It was a turning point, in fact. Before that conversation, although he’d excelled in science, he’d barely gotten by in his other classes because he just didn’t care about those subjects. But afterward, he started taking them seriously and getting better grades. Science remained first in his heart, though, and he teamed up with Victor and another teacher on science projects that they’d work on during class, after school, and on weekends.
Victor also encouraged him to participate in science fairs. Luis was skeptical about his chances, but he went on to win at the local, municipal, and regional levels for a project on the distribution of lichens — a barometer of pollution — in the western region of Puerto Rico.
It was too little too late, though. Although he also went on to do well on the college boards, his lackluster start to high school dragged his GPA down low enough that he wasn’t accepted to the University of Puerto Rico. Unfortunately, it was the University of Puerto Rico or nothing because his parents couldn’t afford to send him to a private school.
Victor had instilled Luis with too much self-confidence to accept the verdict quietly, so he met with the university admissions director. She wasn’t budging, though.
“Honey, if you do not have the GPA, you cannot get in,” she told him.
As definitive as that sounded, Luis didn’t give up. When he saw the chancellor outside the admissions office, he asked for five minutes of his time.

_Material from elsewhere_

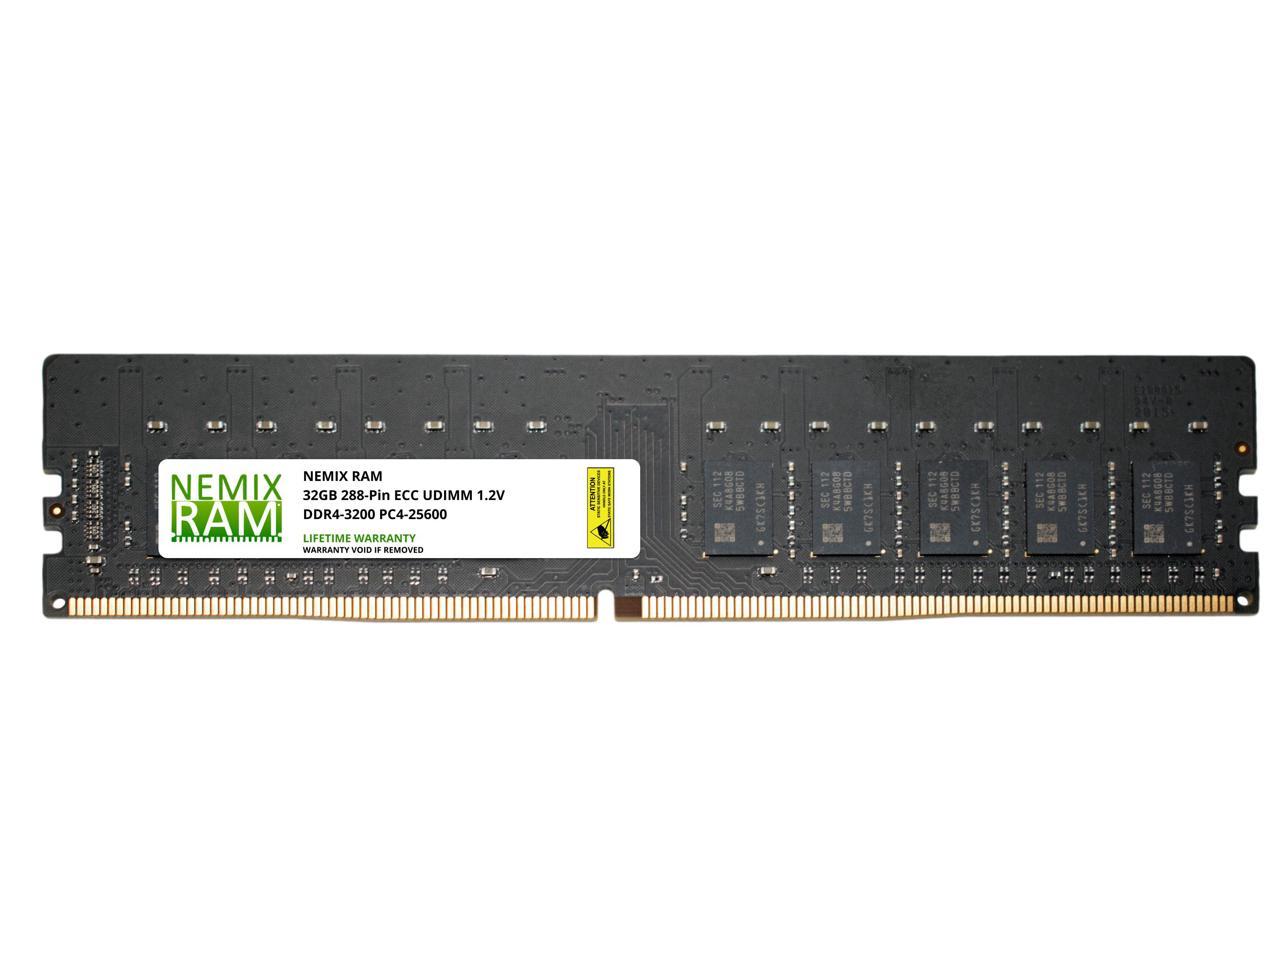 NEMIX RAM 32GB DDR4-3200 PC4-25600 2Rx8 ECC Unbuffered

“He was this huge, tall guy, and he put his arm around my shoulder and walked me to his office," says Luis. "We were standing around his conference table and I opened my small suitcase and started taking out the science awards and putting them on the table. I had the certificates framed and there were a couple of medals.

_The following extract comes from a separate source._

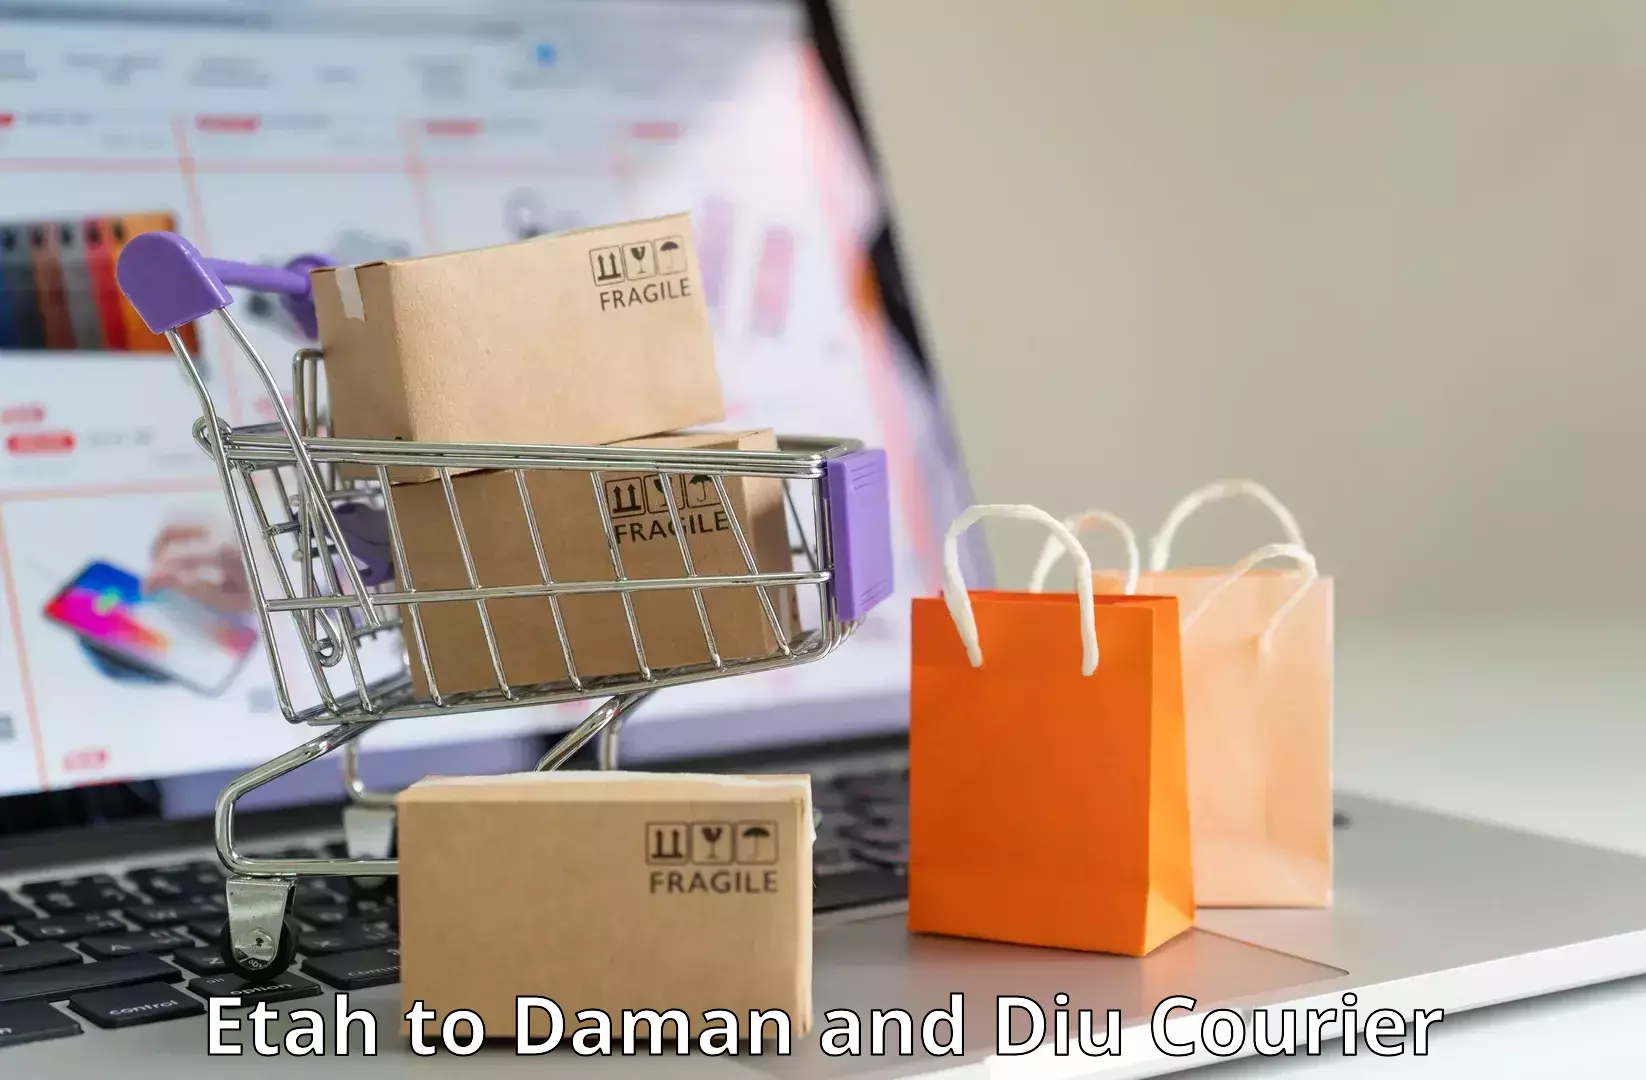 Digital courier platforms Etah to Daman

“It was very casual conversation, and he asked a lot of questions: ‘What is this award for? Can you tell me about your project?’

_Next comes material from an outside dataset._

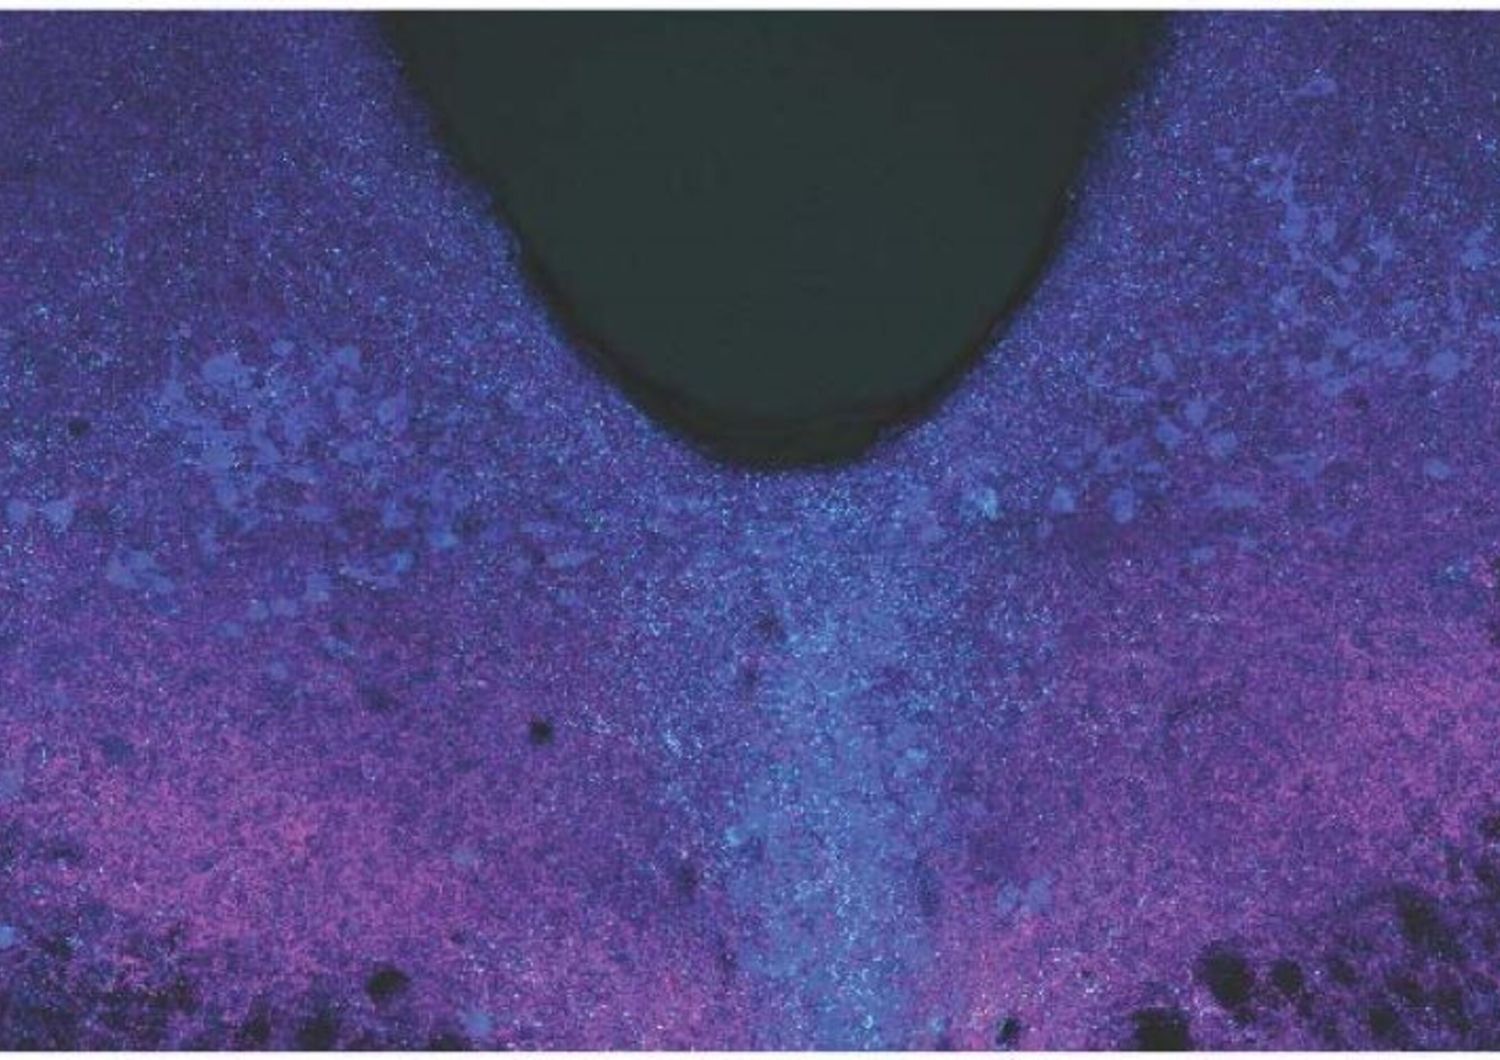 L’area dorsale del rafe del cervello viene ripresa mediante microscopia confocale

“When he had no more questions, I waited. ‘You know your work says more about you than your GPA,’ the chancellor finally said. ‘I’m going to give you a chance to come to the university.’
“I was about 10 feet tall,” Luis says. “We went to the admissions director, who told me I couldn’t get in, and he said, ‘I want this guy in,’ and he signed the paperwork right there.”
Luis graduated in 1992 with a bachelor of science degree and later received a master of science. Today, he works at Hopeworks, a nonprofit organization that provides education and training in technology and entrepreneurship. Its goal is to break the cycle of poverty and violence among youths in Camden, N.J. — one of America’s poorest cities and often cited as one of the most dangerous.
An expert in geographic information systems, Luis could be earning top dollar at a consultancy, but it’s more important to him to help youth.
“It’s a lot like what Victor did for me,” Luis told me. “His words of encouragement after a science test made me believe in myself. At Hopeworks, I’m helping young people understand their potential and helping them understand that they can do way more than they think they can do.”